Sever Peter S, Rostamian Somayeh, Whiteley William, Ariti Cono, Godec Thomas, Gupta Ajay, Mackay Judith, Whitehouse Andrew, Poulter Neil R
National Heart & Lung Institute, Imperial College London, London, UK
National Heart & Lung Institute, Imperial College London, London, UK.
Heart. 2025 Jul 28;111(16):769-775. doi: 10.1136/heartjnl-2024-325104.
Cardiovascular (CV) deaths were reduced by atorvastatin during a 16-year follow-up of participants in the Anglo-Scandinavian Cardiac Outcomes Trial-lipid-lowering arm. We now extend these observations over 20 years and report both non-fatal and fatal CV outcomes.
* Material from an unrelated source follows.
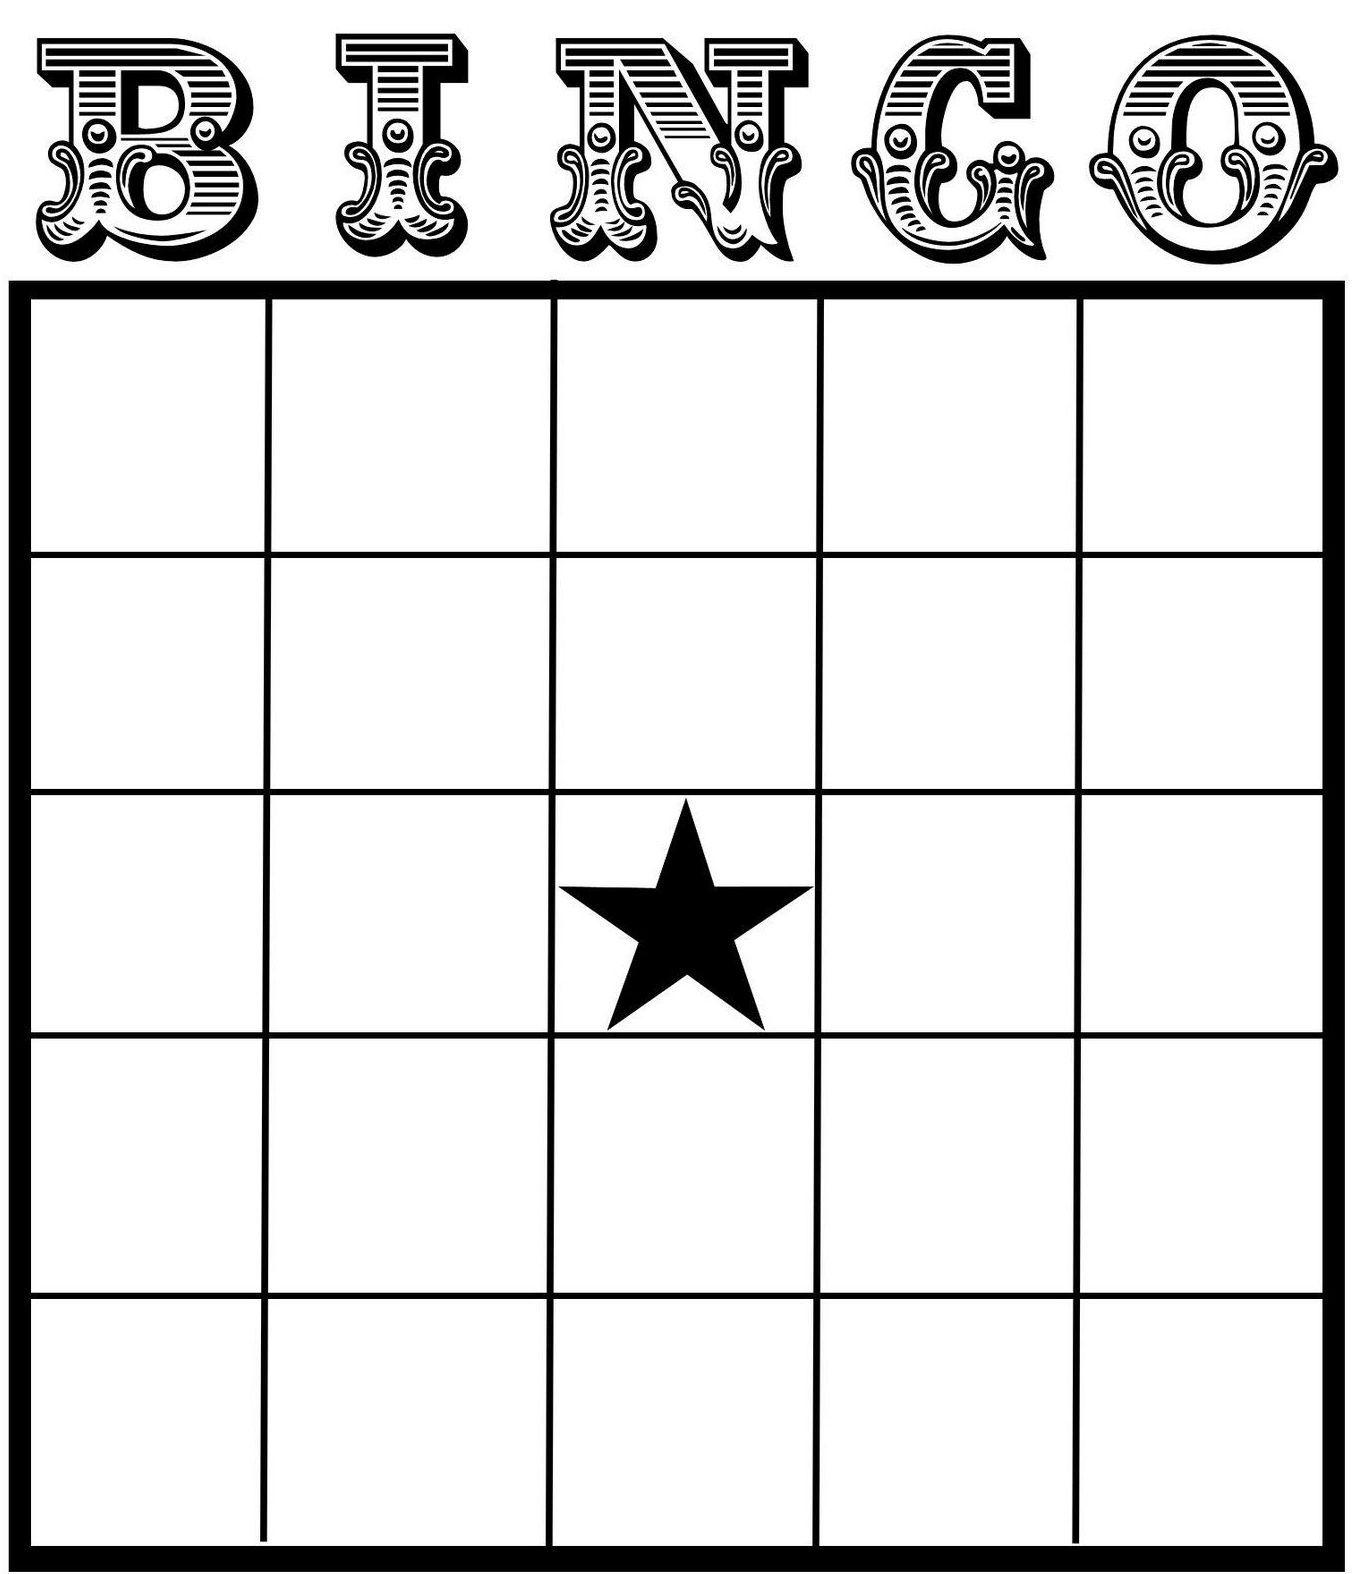 Blank Bingo Card Template Bingo Card Template Blank Bingo Cards

A cohort of 4605 UK hypertensive participants with total cholesterol <6.5 mmol/L (2317 atorvastatin vs 2288 placebo) was followed for up to 21 years (IQR 9.1-19.3). Cox proportional hazard models assessed HRs for non-fatal and fatal CV events. At the end of the original trial (3.3 years), all participants were offered atorvastatin. Lipid profiles were obtained from all subjects 2 years later and from subgroups approximately 9 years post-trial.
Patients allocated to atorvastatin had a significant reduction in non-fatal myocardial infarction (MI) and fatal coronary heart disease (CHD) events (HR (95% CI) 0.81 (0.69 to 0.94, p=0.006)), total coronary events (0.88 (0.80 to 0.98, p=0.017)) and CV deaths (0.86 (0.74 to 0.99, p=0.048)). No significant reduction in heart failure (HF), strokes, total CV events and all-cause mortality was observed.In participants assigned atorvastatin in the trial, 3-year mean low-density lipoprotein-cholesterol was strongly associated with long-term CV outcomes. The HRs per 1 mmol/L decrease were for non-fatal MI and fatal CHD (0.69 (0.57 to 0.85, p<0.001)), total coronary events (0.70 (0.61 to 0.79, p<0.001)), non-fatal and fatal HF (0.68 (0.57 to 0.81, p<0.001)), non-fatal and fatal stroke (0.74 (0.59 to 0.92, p=0.006)), total CV events and procedures (0.74 (0.66 to 0.81, p<0.001)), CV mortality (0.66 (0.55 to 0.81, p<0.001)) and all-cause mortality (0.81 (0.71 to 0.90, p<0.001)).Two years after the trial, approximately two-thirds of subjects in each arm were taking atorvastatin. At this time point and approximately 9 years post-trial, lipid profiles were similar between those formerly assigned atorvastatin or placebo.
These observations provide further evidence for the long-term legacy effects of statins and have implications for the early introduction of statins to prevent CV events and mortality.
在盎格鲁-斯堪的纳维亚心脏结局试验降脂组参与者的16年随访期间,阿托伐他汀降低了心血管(CV)死亡风险。我们现在将这些观察结果扩展至20年,并报告非致命性和致命性CV结局。
对4605名英国高血压患者进行队列研究,这些患者的总胆固醇<6.5 mmol/L(2317名服用阿托伐他汀,2288名服用安慰剂),随访长达21年(四分位间距9.1 - 19.3年)。Cox比例风险模型评估非致命性和致命性CV事件的风险比(HR)。在原试验结束时(3.3年),所有参与者均被给予阿托伐他汀。2年后从所有受试者获取血脂谱,并在试验后约9年从亚组中获取。
分配至阿托伐他汀组的患者非致命性心肌梗死(MI)和致命性冠心病(CHD)事件显著减少(HR(95%CI)0.81(0.69至0.94,p = 0.006)),总冠心病事件(0.88(0.